As part of another question I asked here, the answer was to invert a matrix $$ \begin{bmatrix} \cos\varphi &\sin\varphi \\ -\rho\sin\varphi &\sin\varphi \end{bmatrix} $$ I tried inversing the matrix by the formula $$ \frac{1}{\text{det}} \cdot \begin{bmatrix} d & -b \\ -c & a \end{bmatrix}, $$ but with my determinant computed to $1/(\cos\varphi\sin\varphi + \rho\sin²\varphi)$ I get this matrix: $$ \dfrac{1}{\cos\varphi\sin\varphi + \rho\sin²\varphi} \cdot \begin{bmatrix} \sin\varphi & -\sin\varphi \\ \rho\sin\varphi & \cos\varphi \end{bmatrix} $$ And I've looked at trig identities if there is some trick I can do, but I really don't get it. How do you get the inverse matrix to be $$ \frac{1}{\rho}\cdot \begin{bmatrix} \rho\cos\varphi & -\sin\varphi\\ \rho\sin\varphi & \cos\varphi \end{bmatrix}? $$ Which I was told it should be.
edit (solved)
I had made a mistake (pointed out in comments) when I wrote the matrix, it should have been $$ \begin{bmatrix} \cos\varphi &\sin\varphi\\ -\rho\sin\varphi &\rho\cos\varphi \end{bmatrix} $$ so that makes the determinant $\rho$ which makes it a lot simpler.
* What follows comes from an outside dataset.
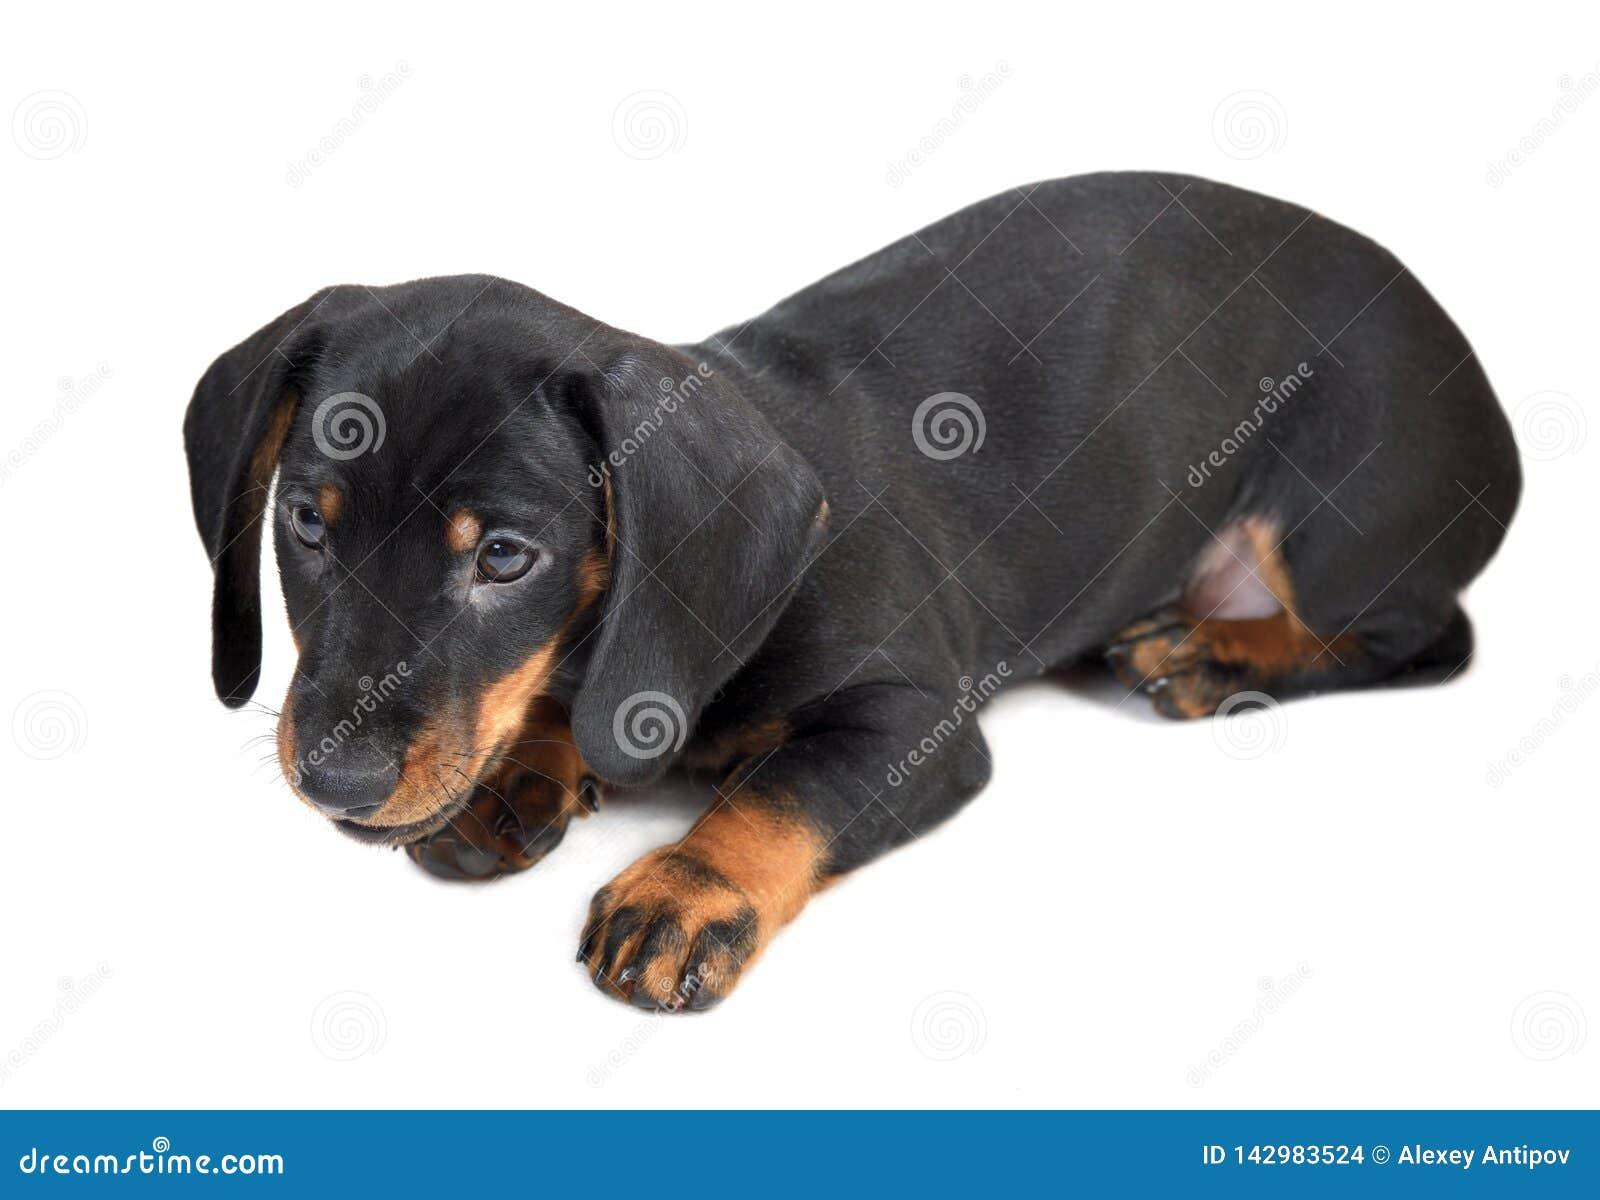 Лежа двухмесячное ровное черное и загореть щенка таксы
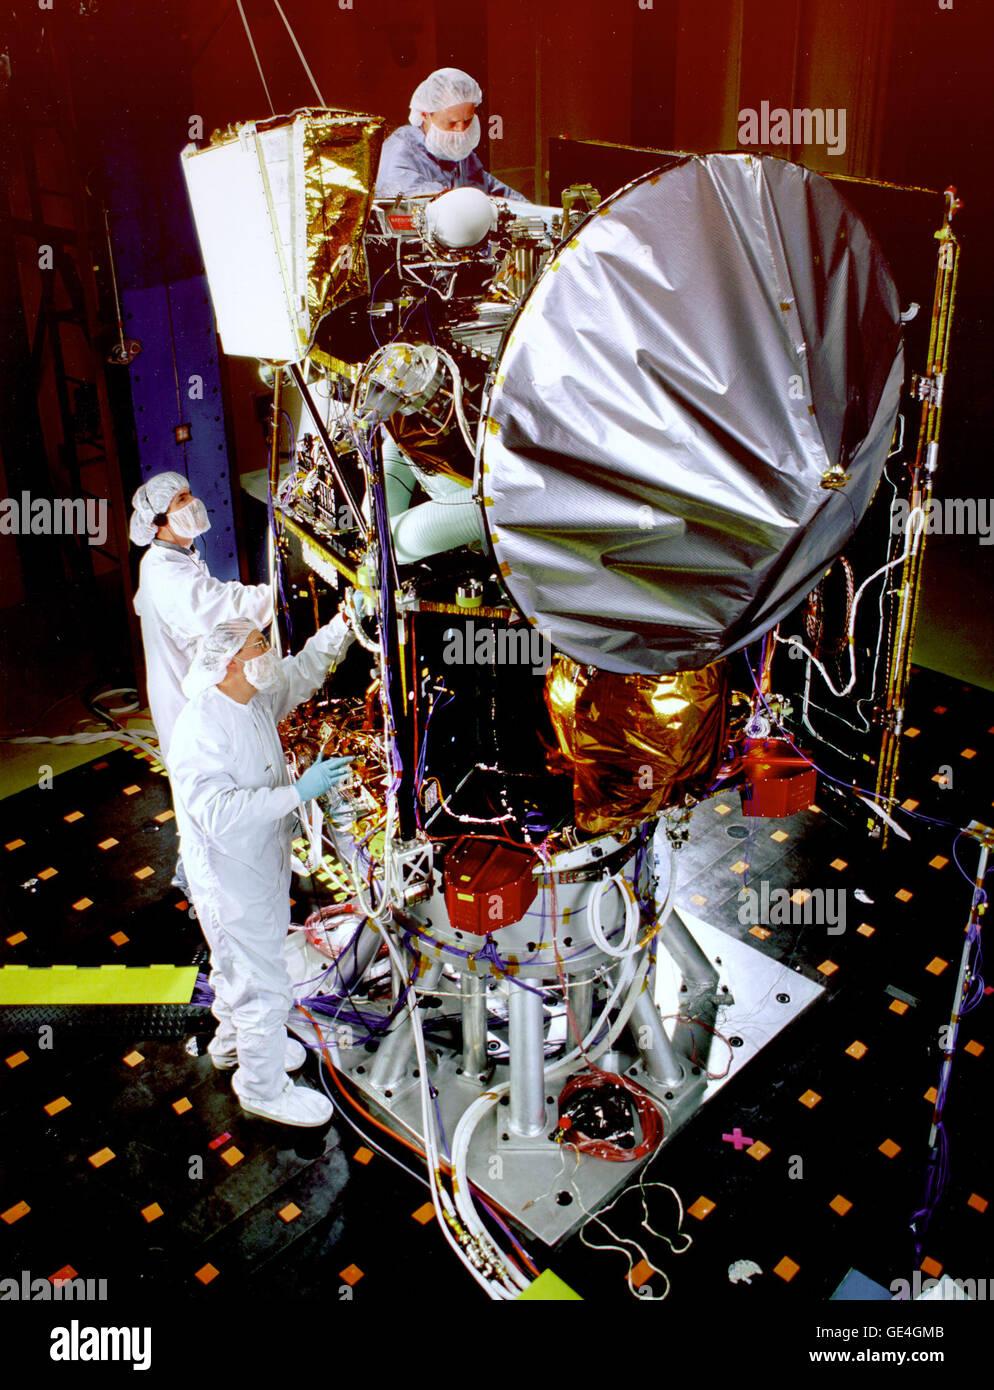 (27 mai 1998) Le 98 Mars Surveyor Orbiter climatique est montré ici au cours de tests acoustiques qui simulent Photo Stock

It's simple:$$\begin{bmatrix}\cos\varphi&\sin\varphi\\-\rho\sin\varphi&\sin\varphi\end{bmatrix}^{-1}\neq\frac1\rho\begin{bmatrix}\rho\cos\varphi & -\sin\varphi\\\rho\sin\varphi & \cos\varphi\end{bmatrix}.$$For instance,$$\det\begin{bmatrix}\cos\varphi&\sin\varphi\\-\rho\sin\varphi&\sin\varphi\end{bmatrix}=\cos\varphi\sin\varphi+\rho\sin^2\varphi,$$whereas$$\det\left(\frac1\rho\begin{bmatrix}\rho\cos\varphi & -\sin\varphi\\\rho\sin\varphi & \cos\varphi\end{bmatrix}\right)=\frac1\rho.$$In order to be the inverse of each other, the determinant of the first matrix should be the inverse of the determinant of the second one.